Rick Bourke

Personal information
- Full name: Richard Bourke
- Born: 16 November 1953 Cronulla, New South Wales, Australia
- Died: 15 August 2006 (aged 52) Tugun, Queensland, Australia

Playing information
- Position: Wing
Club
| Years | Team | Pld | T | G | FG | P |
| 1973–82 | Cronulla-Sutherland | 146 | 38 | 0 | 0 | 114 |
| 1983 | South Sydney | 1 | 0 | 0 | 0 | 0 |
|  | Total | 147 | 38 | 0 | 0 | 114 |
- Source:

= Rick Bourke =

Australian rugby league footballer

Richard (Rick) Bourke (16 November 1953 - 15 August 2006) was an Australian rugby league footballer. He played for Cronulla-Sutherland and South Sydney in the New South Wales Rugby League (NSWRL) competition.

==Playing career==
A local junior from Caringbah, New South Wales, Bourke played 10 seasons for Cronulla at wing and fullback and scored thirty eight tries including their only try in the 10–7 1973 Grand Final loss to a Bob Fulton inspired Manly-Warringah at the Sydney Cricket Ground.
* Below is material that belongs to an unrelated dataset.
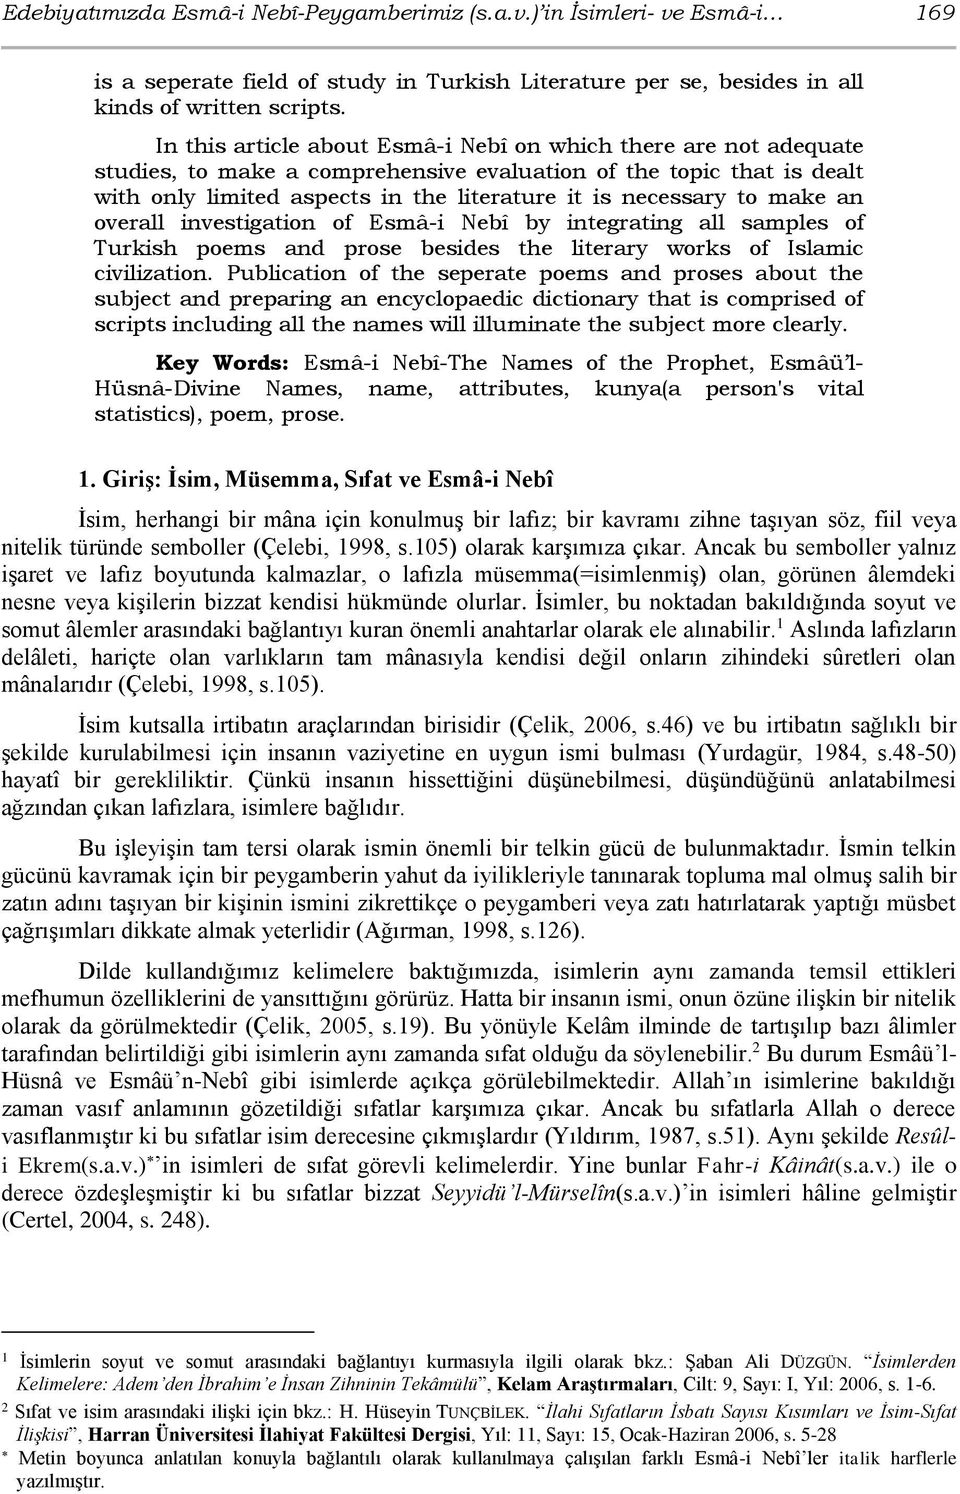 make an overall investigation of Esmâ-i Nebî by integrating all samples of Turkish poems and prose besides the literary works of Islamic civilization.

He also played on the wing for Cronulla in the drawn Grand Final against Manly in 1978, as well as playing fullback in the replay played just two days later. Manly won the replay 16–0.

He played his final season with South Sydney in 1983.

==Death==
Rick Bourke died of cancer on 15 August 2006 at the John Flynn Hospital, Tugun, Queensland aged 52.